To be able to track the particle trafficking/distribution in vitro and in vivo, the starting particles (before functionalization) were fluorescently labeled in situ with fluorescein in the form of FITC. The fluorescence intensity of the particle suspensions in HEPES buffer at a particle concentration of 1 mg/mL is given in Table 1. The scanning and transmission electron microscopy images (Figure 1B and C) confirmed the mesoporous structure, spherical morphology, and the particle sizes, which were ~300 nm. Radially arranged mesopores can be discerned, with the radial arrangement of pores distinguishable in the center of the particle (Figure 1C; viewed from the top). The porous structure of the particle was further characterized by powder X-ray scattering and nitrogen sorption measurements (Figure 1D and E).

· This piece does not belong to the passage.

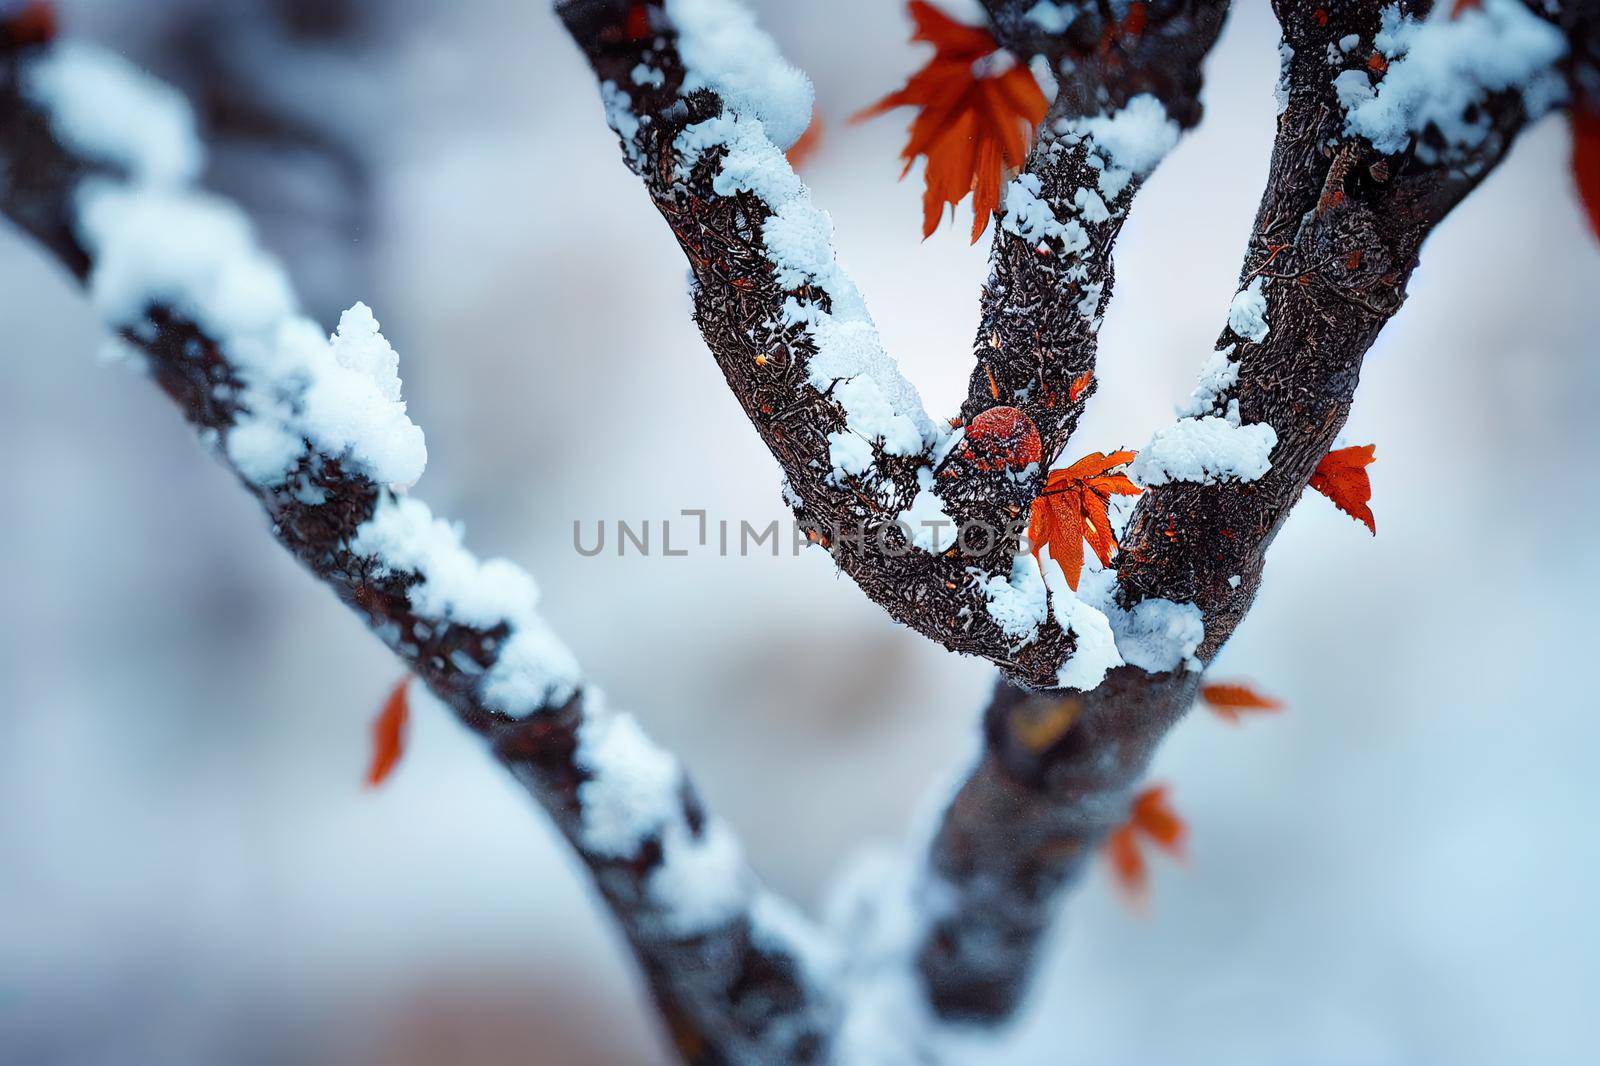 Snow covered alder tree (Alnus glutinosa) branch against defocused background. Selective focus and shallow depth of field.

PEI-, PEG-, and FA-functionalized MSNs are nontoxic at therapeutic concentrations

The in vitro cytocompatibility of all produced MSNs was studied in colon cancer Caco-2 cells using the WST-1 assay, 48 hours after incubation with MSNs. All MSNs were non-toxic to Caco-2 cells up to 50 μg/mL concentration (Figure S3). At 100 μg/mL, most of the particles were still non-toxic, except for PEG-PEI-MSNs and FA-PEG-PEI-MSNs, which showed a 20%–30% decrease in cell viability compared to the vehicle dimethyl sulfoxide. This could be explained by a much higher uptake of these MSNs by the cells (Figure S3).The results show that all the produced MSNs are biocompatible at concentrations as high as 50 μg/mL. Further in vitro studies were performed at the concentration of 10 μg/mL.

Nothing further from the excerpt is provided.